Once downloaded, the software automatically launches everytime you start your computer. It monitors internet dial-up connections and alerts you when unauthorised users attempt to dial restricted numbers. When suspicious activity is noticed a display window will warn “You are attempting to dial a premium rate, international or non-approved number. If you do not want to proceed with this call hang up. If in any doubt you should unplug your modem and check your settings before attempting to redial”.

Scams, Dialers And Urban Myths

When is a scam a scam or an urban myth?

Dinah Greek of Computeractive writes that Britain’s premium rate line watchdog is being inundated with calls from worried consumers about scams that turn out to be untrue.
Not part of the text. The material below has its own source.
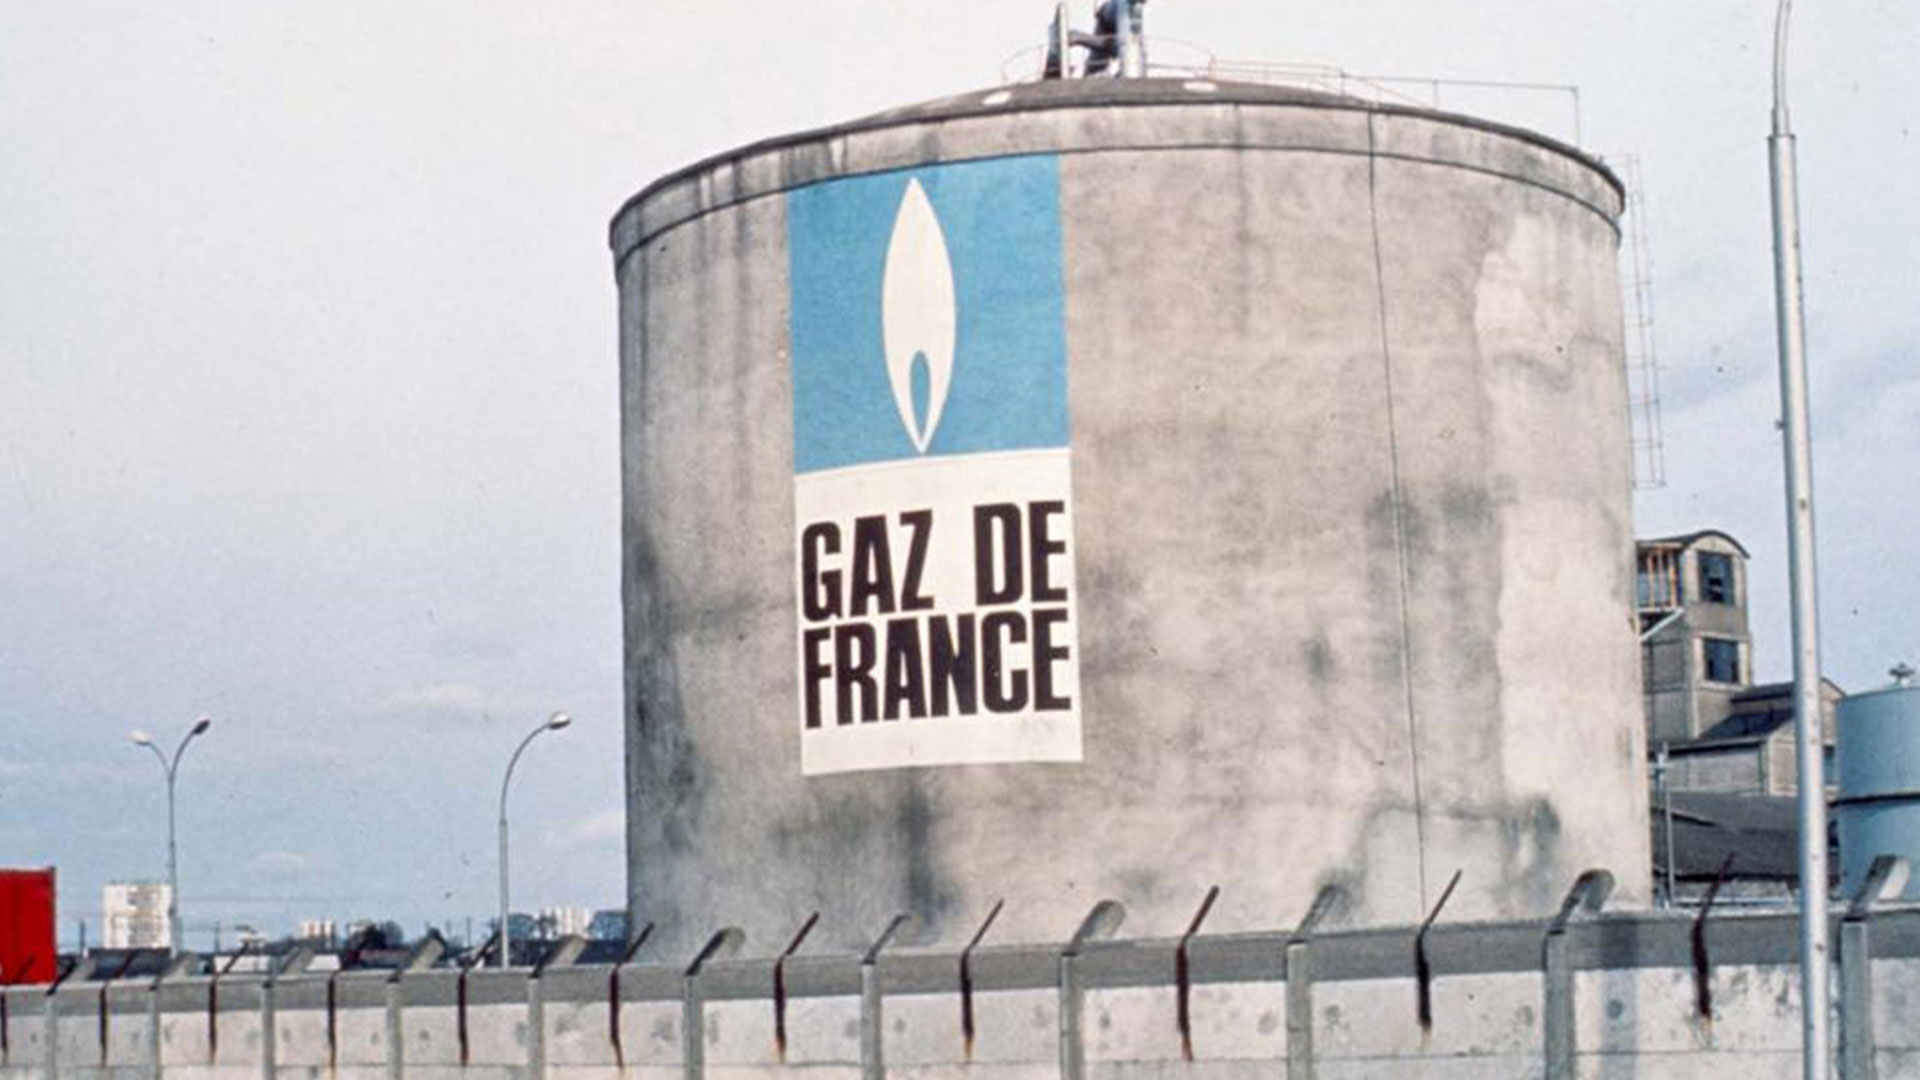 Франция газ россия. Франция ГАЗ. GDF Suez Франция. Французская газовая компания Gas de France. FORGAZ logo gaz de France.

One email warns of a scam that says people have received a recorded message on their phone informing them that they have won an all-expenses paid holiday. The email goes on to say people who receive these calls are asked to press 9 to hear further details and when they do are connected to a £20.00 per minute premium rate line. This will still charge them for a minimum of five minutes even if they disconnect immediately. It is also claimed that, if callers stay connected, the entire message costs £260.00.

Another email says some people receive a missed call from a number beginning 0709. It is then claimed that, if callers dial this number, they are connected to a £50.00 per minute premium rate line.

ICSTIS, the watchdog with a name that sounds like an unpleasant disease, point out that these emails are incorrect. But with the whole rogue dialers thing going on, people are scared. (What I like about this story is that the problem seemed to have started in my old hometown: “We believe these emails started off years ago from a neighborhood watch liaison office in Northampton who got the facts wrong,” an ICSTIS spokesman says. (This, based on my experience of that town, seems plausible.) Since then it’s blown out of all proportion: ICSTIS points out that “these scams just can’t happen. Premium rate tariffs of £20 per minute and £50 per minute do not exist – the highest premium rate tariff available is £1.50 per minute.”

Does the fact that we don’t really know what’s going on in our computer make us prey to these kind of myths? Ignorance, superstition and credulity rise in inverse proportion to our understanding of our environment. Do computers make us more superstitious?

Welcome To Wallon

Turns out I was wrong about the socially engineered spam I wrote about a few days back. Prompted by some readers’ comments, I asked Sophos about it. This is what Carole Theriault has to say about it:

This is mass-mailing worm. It is call Wallon-A.
Essentially, it goes to a dodgy website and downloads a dialler program. Diallers change your modem connection number to a premium rate number without your knowledge or consent…. This is essentially unsolicited mail with a dodgy link.

Roger Thompson of PestPatrol tells me: “it’s a mass mailer, but no attachment… just a URL. The URL goes through a bunch of redirections until it gets to the real website, where it downloads the payload using one of the current exploits.”

Anyway, apologies to everyone for getting it wrong before.